# Labeling a dbl slip to indicate route.



## Conductorkev (Nov 5, 2021)

So I have a dbl slip on my layout. At first thr routes it takes sorta confused me but pretty much understand them now. One thing I did end up doing is I created macros for the 4 different ways the points can be thrown, however I'm at a loss on how to label them so not only myself can understand them but ppl who I have over could also. How do you designate them. 

Also I would like to at thr very least have indicator lights that tell me which way the points are but am not sure how to wire it properly so it will tell Mr. 
I have both points running off of tortoises. They hook up to a nce switch 8. For the macros I programmed a nce mini panel which then runs to 4 push buttons so that I can select one of the 4 routes that can be made using the dbl slip. So anyone know of a way to get the lights to even change when I use a macro?

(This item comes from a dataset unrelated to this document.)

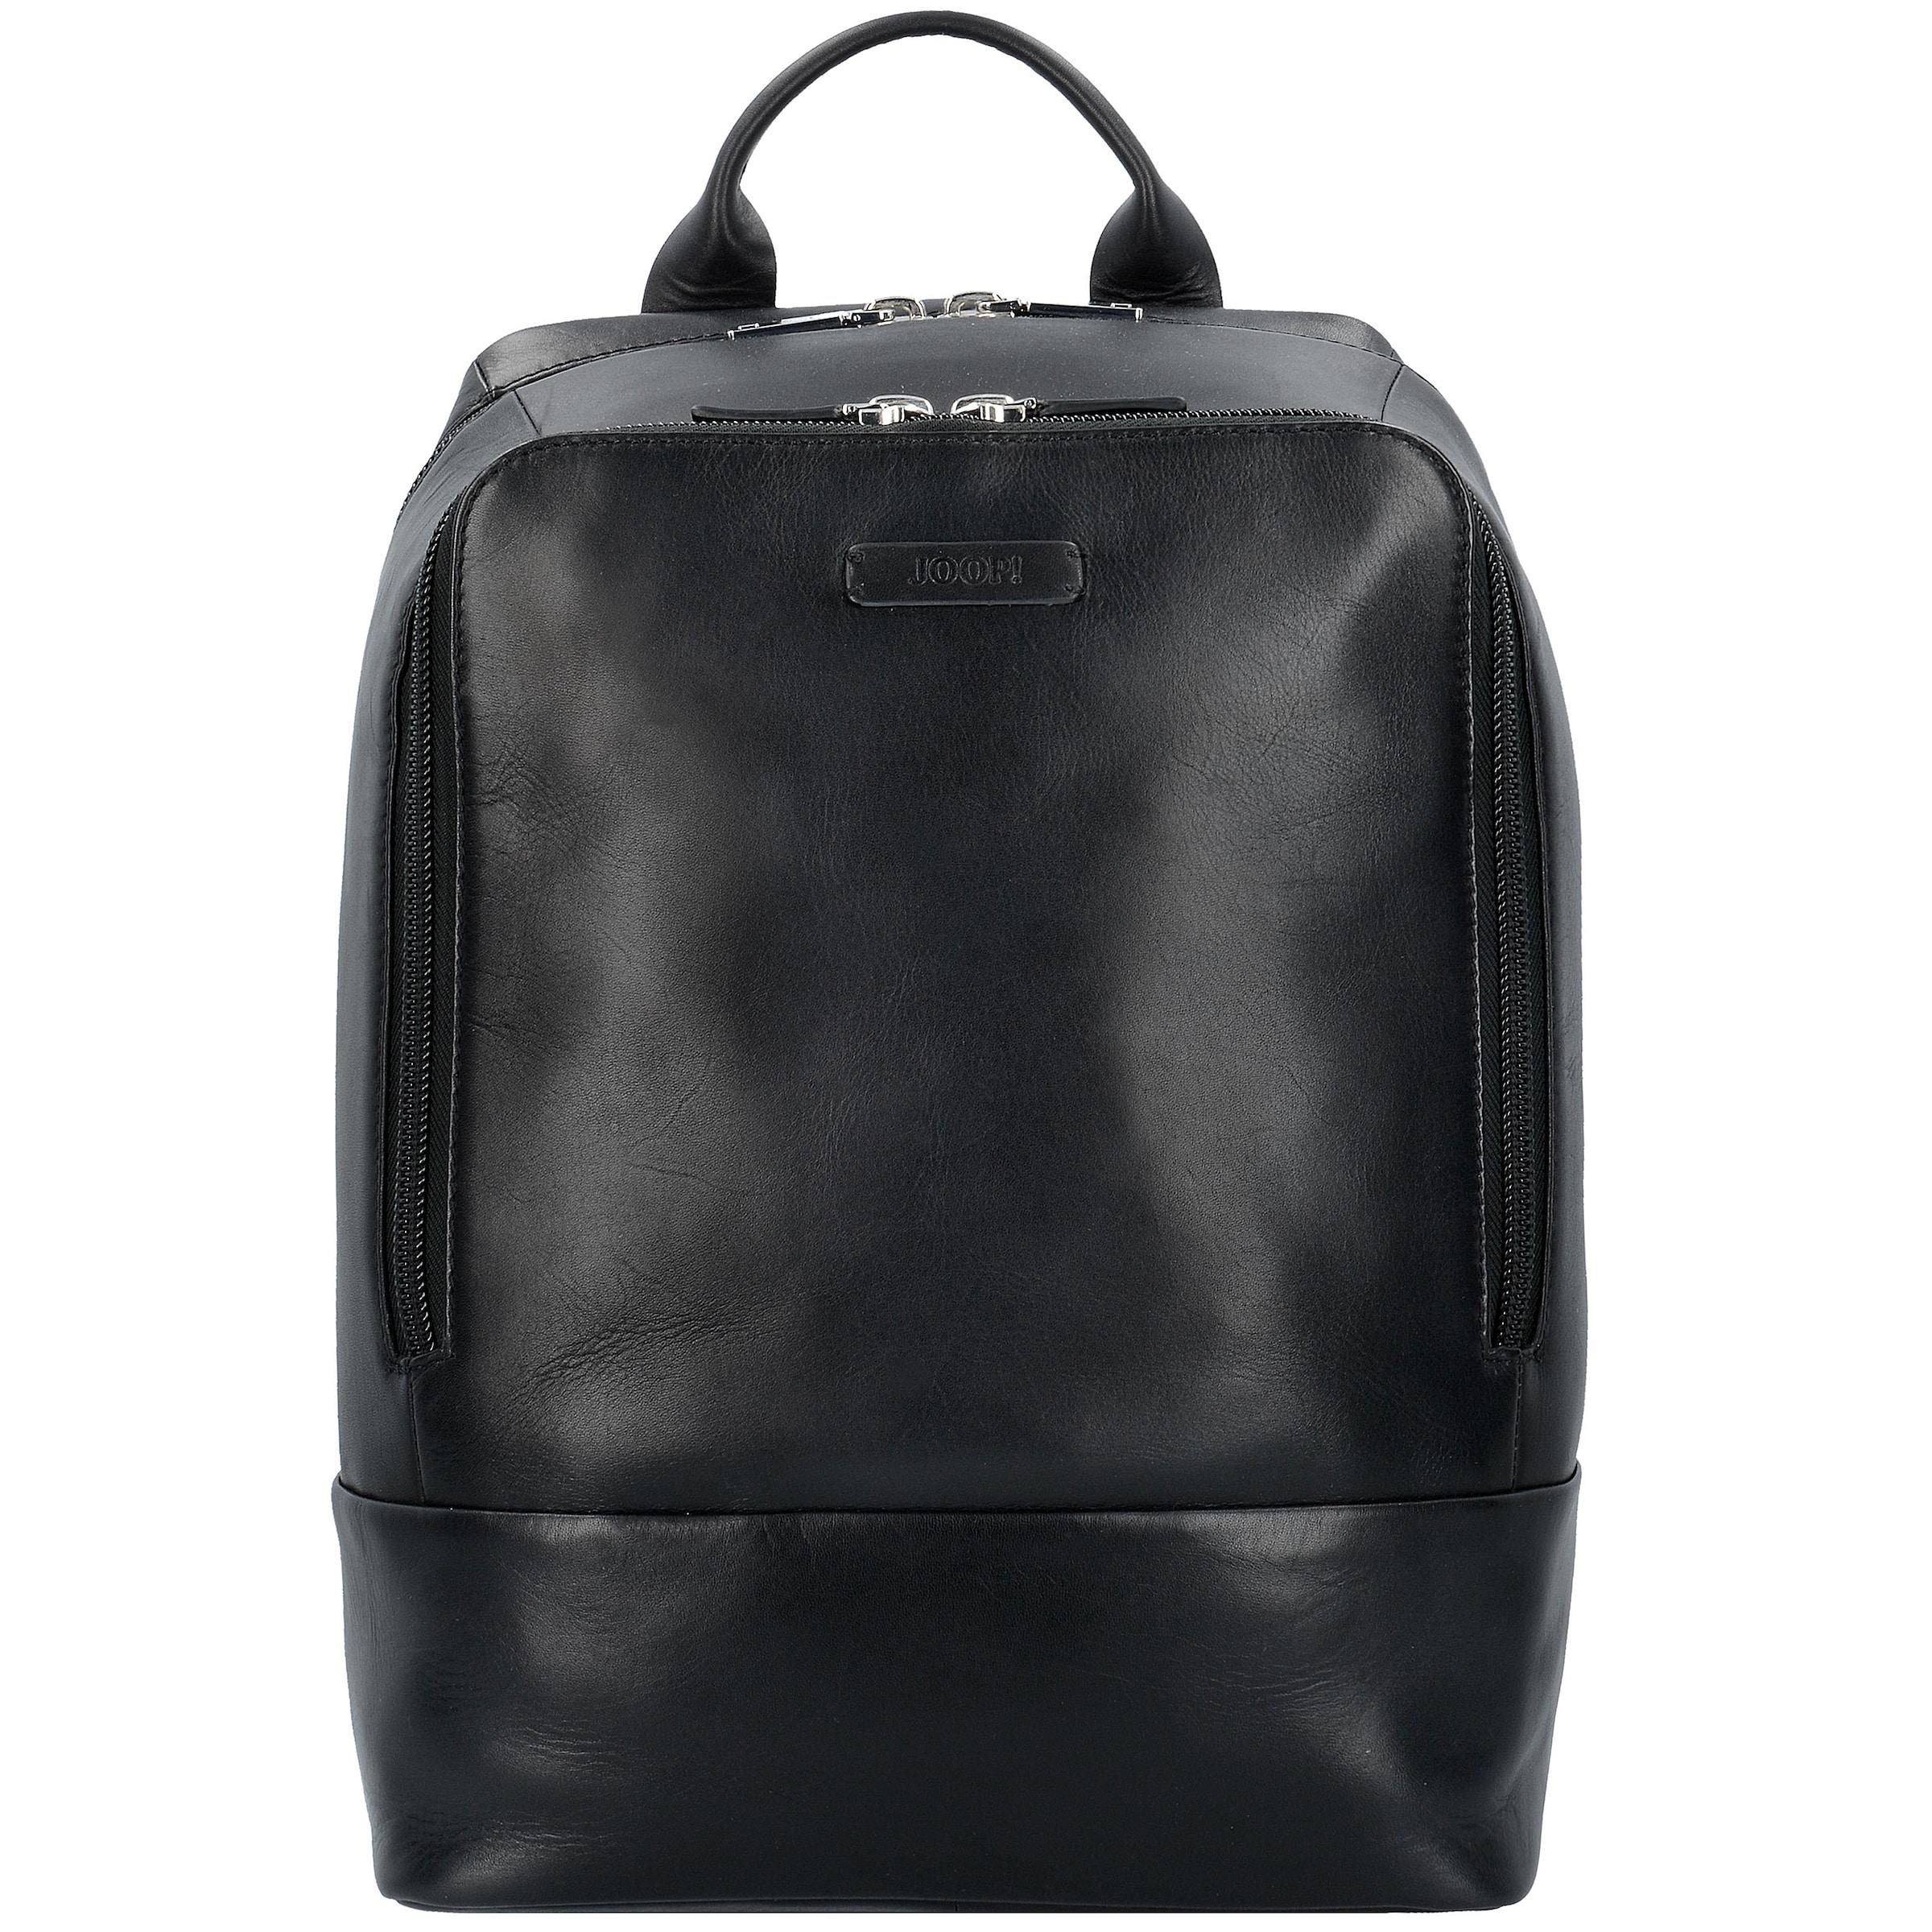 2018 Neue JOOP! Vetra Business Rucksack Leder 39 cm Laptopfach Mode-Stil Online-Verkauf Kostenloser Versand Kosten Günstiger Preis Rabatt Billigsten B5U5gnADt
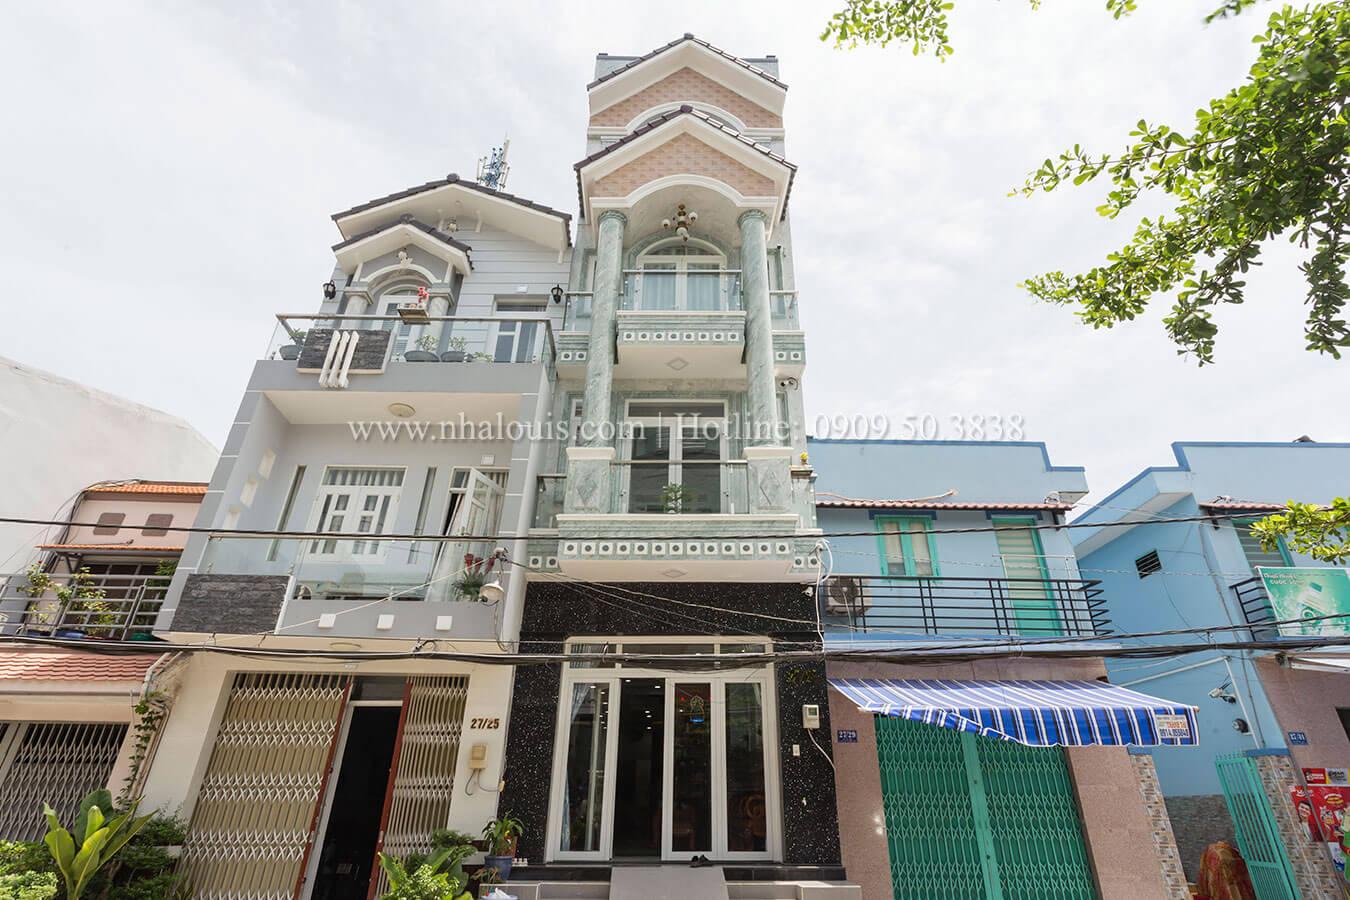 Ngắm mẫu nhà phố tân cổ điển đẹp sang trọng ở Bình Tân

Not sure if this will work but what if I wire two wires from the panel and cut into the wire going to either 1 or 8 on the tortoise. At the other end of those wires at the panel run two leds in a series. Would that work even when thrown with the macro considering the signal still would have to pass thru that wire?


----------



## mesenteria (Oct 29, 2015)

Label as crossovers and crossings. You can use the ordinals if you wish, but a double slip is both a two-way crossing and a two-way crossover. South track, north track, Track 1, Track 2, whatever works. You cross or cross over from one of them to the other, but in the stated direction of travel. Maybe the rails here are used to a certain approach and will offer their knowledge of proto rails.


----------



## gregc (Apr 25, 2015)

why not treat the dbl-slip as 2 turnouts? 
put a pair of LEDs in series with each Tortoise to indicate the position of each of the dbl-slip


----------



## Conductorkev (Nov 5, 2021)

gregc said:


> why not treat the dbl-slip as 2 turnouts?
> put a pair of LEDs in series with each Tortoise to indicate the position of each of the dbl-slip



Ya that's what I was thinking for knowing whete the points are. I'll have to try it again but the leds that I recently got that came pre-wired with red and black wires I could not get to work in a series. I'm very sure I had it wired right opposite ends connected with one side going to port 1 of tortoise and the other side going to the decoder...


----------



## gregc (Apr 25, 2015)

Conductorkev said:


> I could not get to work in a series.


the LEDs need to be wired in series with the tortise and the pair need to be wired in parallel and opposite polarity


----------



## Conductorkev (Nov 5, 2021)

gregc said:


> the LEDs need to be wired in series with the tortise and the pair need to be wired in parallel and opposite polarity



I know I tried with these pre-wired ones and no go. I'll try again when I get a chance.
I did get them working on some of my other switches at tge toggle which is on off on. I wired the reds on the two outside posts and both blacks at tge center post. However I don't like it as much because if toggle is at center they are both on. Also I do not believe they will change if I switch it on my nce cab (haven't tested that one yet).


----------